Later in the Bill, in Clauses 77 and 78, we have the setting up of the Employment Appeal Tribunal. This we welcome 1878 because this body is, in effect, the NIRC in its appellate jurisdiction reincarnate. The second part of Part I is designed to facilitate trade unions gaining, recognition by employers. The unions, but again not the employers, are entitled to submit recognition issues to the ACAS and, if the ACAS recommend a recognition, arbitration before the CAC can take place at the union's insistence—the employer has not even been consulted—and the CAC is entitled, as a sanction, to take the place of the employer in collective bargaining with the union. This is to say that it is entitled to decide what terms and conditions of employment must be contractually recognised by the employer.
Your Lordships will notice that the employer has no right to bring recognition issues before the ACAS; so that if, for example—and we have all known of its occurrence—two warring unions each jealous for the position of their own skilled workers and in conflict over who should do what in a given industry; if they are causing unlimited trouble over recognition, each claiming sole rights to certain jobs, and each threatening to strike if the other is awarded that recognition, the employer has to grin and bear it, unheard and unrepresented, while the ACAS and the CAC make the decision. He cannot take the matter to ACAS and thence through to the CAC. This is putting an intolerable burden and responsibility on employers who have to sit back defenceless while these unfortunate—and we all deplore them; and the trade union members as much as anybody else—conflicts over demarcation continue.

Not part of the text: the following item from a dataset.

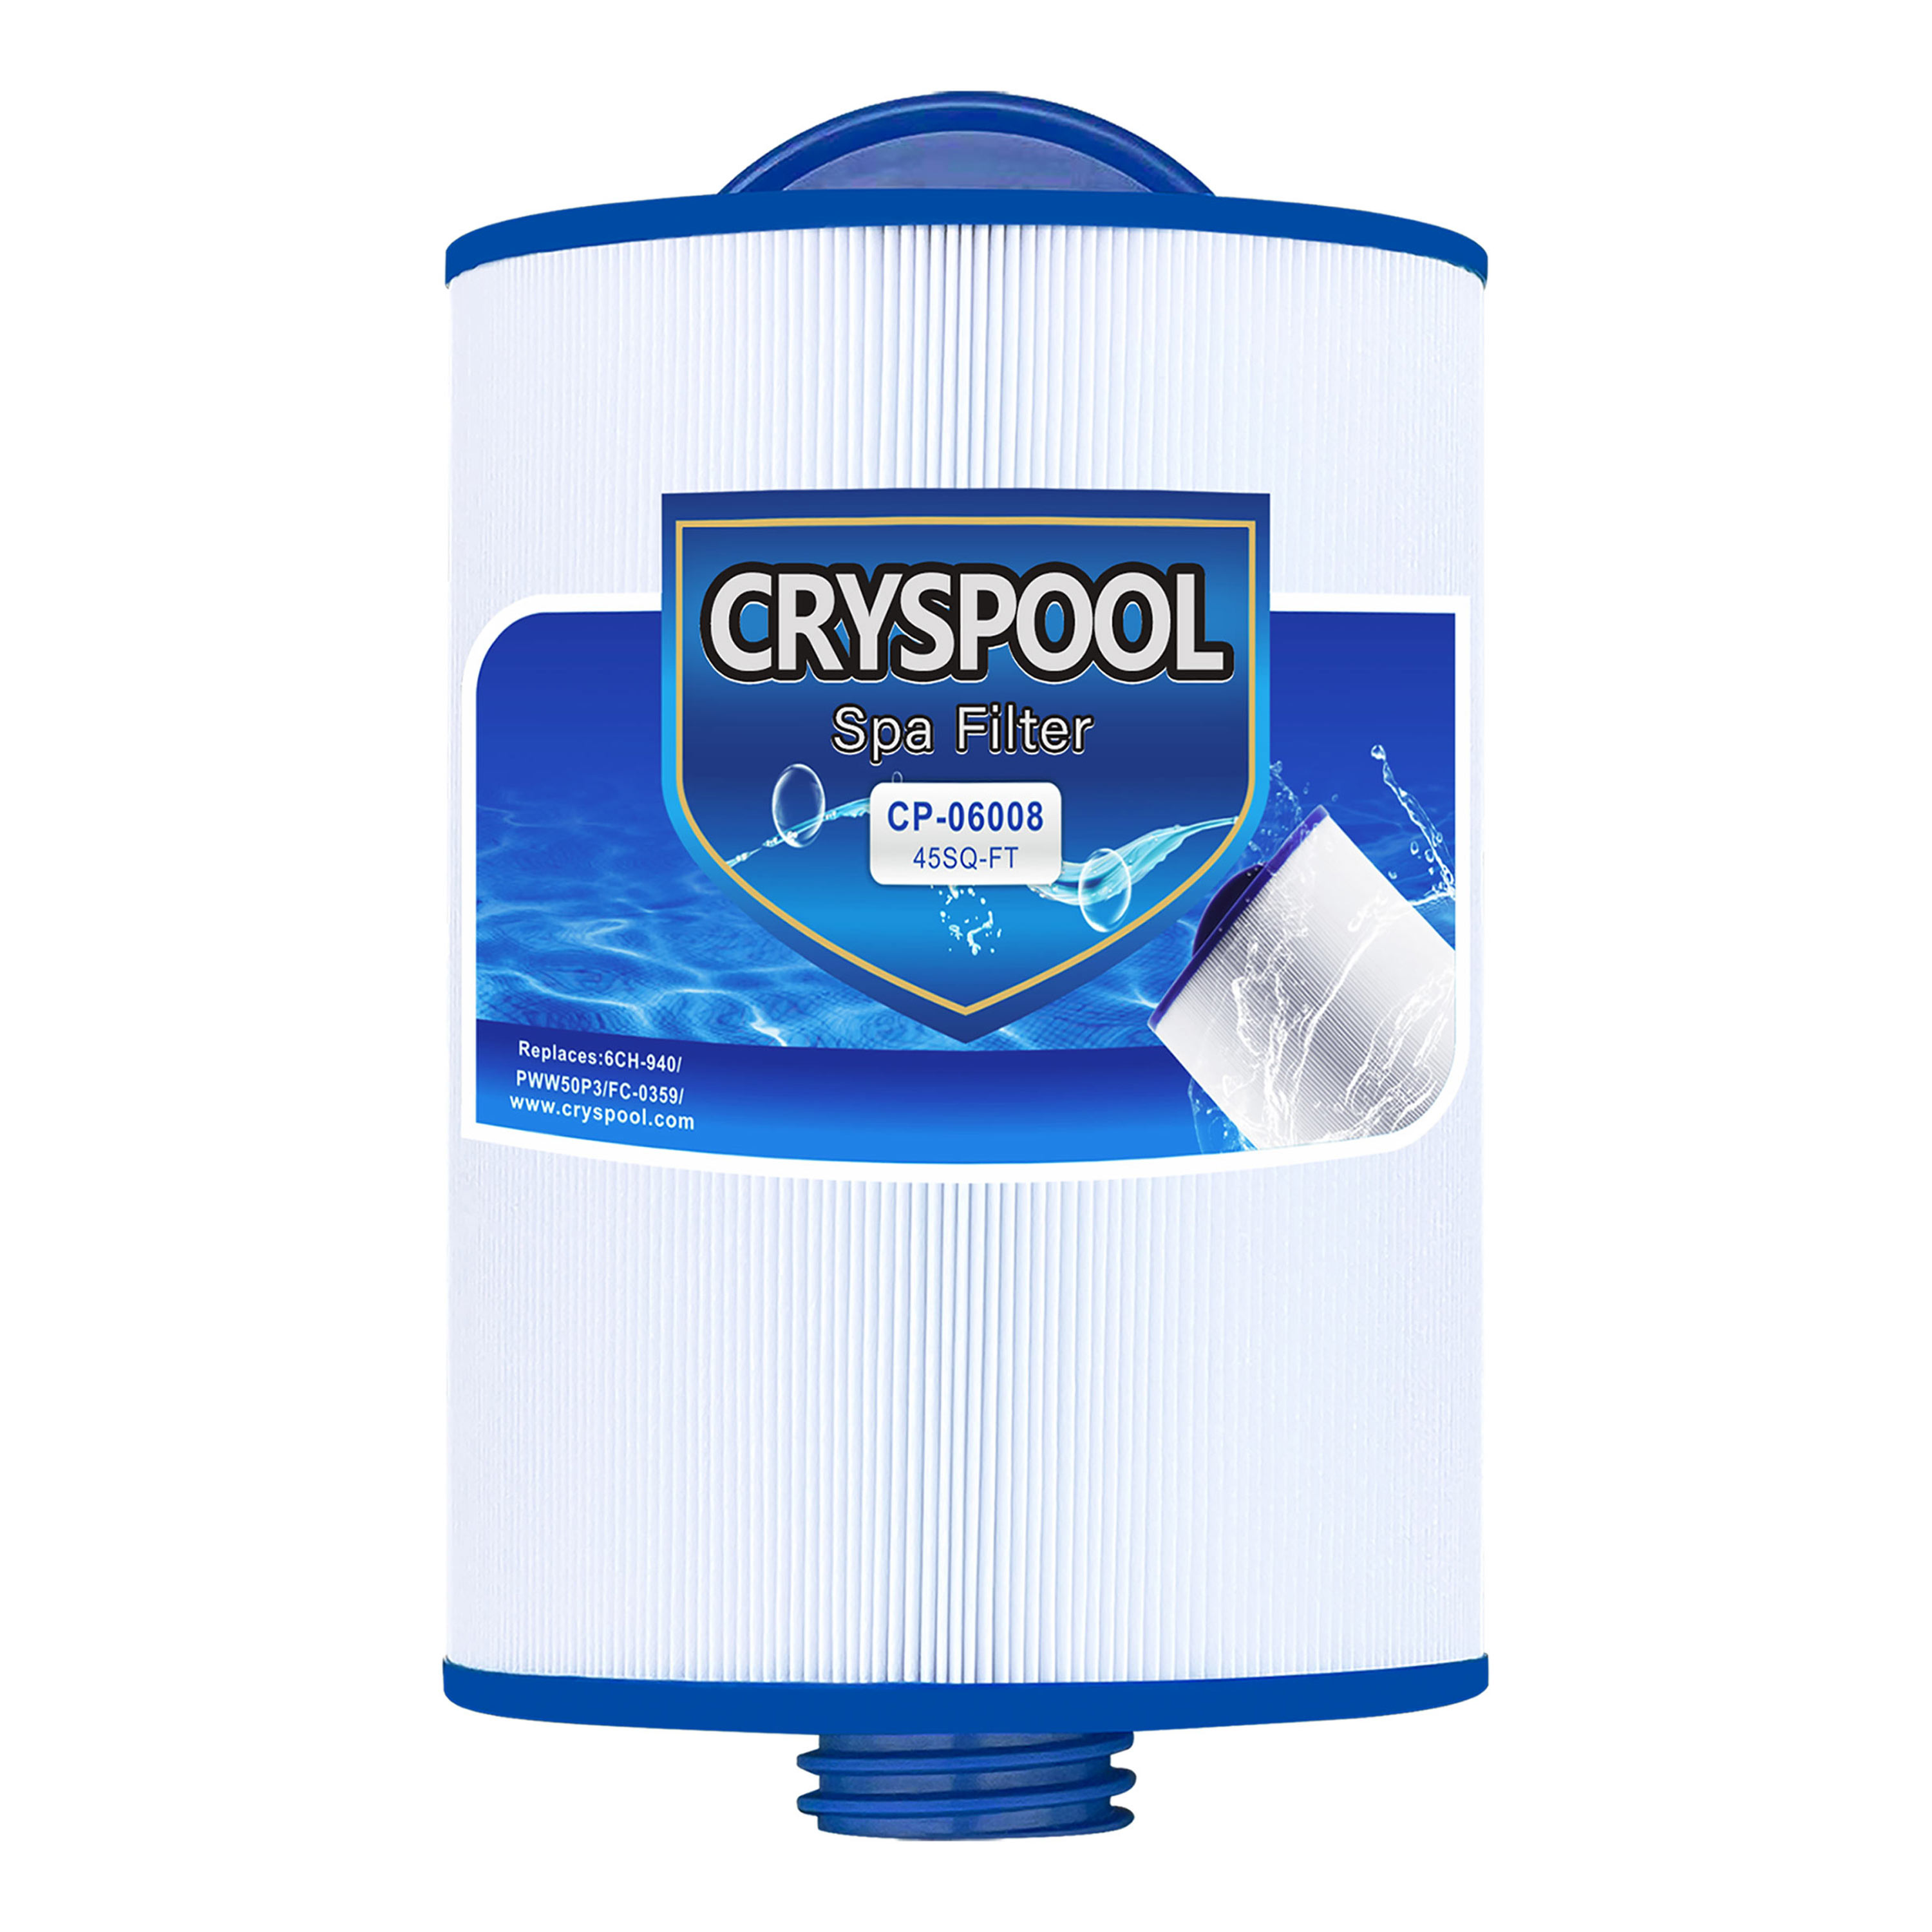 Reasonable price for C 6430 Filter - Cryspool Coarse-Thread Spa Filter Replaces 6CH-940, PWW50P3 (NOT PWW50P4), Filbur FC-0359, Waterway Vita Aber,Viking Spa Hot Tub Filter, 45 Sq.Ft. – Crys...

My Lords, the third part of Part I deals with disclosure of information to trade unions by employers for the purpose of collective bargaining. Again, the duty of the employer is to reveal—and I am not quibbling about this—a large amount of confidential information to the union; but not to the employee. Again, as in the Industry Bill, I believe that there should be disclosure to his own employees and the selected or elected representatives of the factory or undertaking. That applies to all those who are working within his factory, whether they are in the union or not—and there are many factories where the accredited union is in the minority, particularly where there is a large proportion of 1879 women workers who are in no union at all.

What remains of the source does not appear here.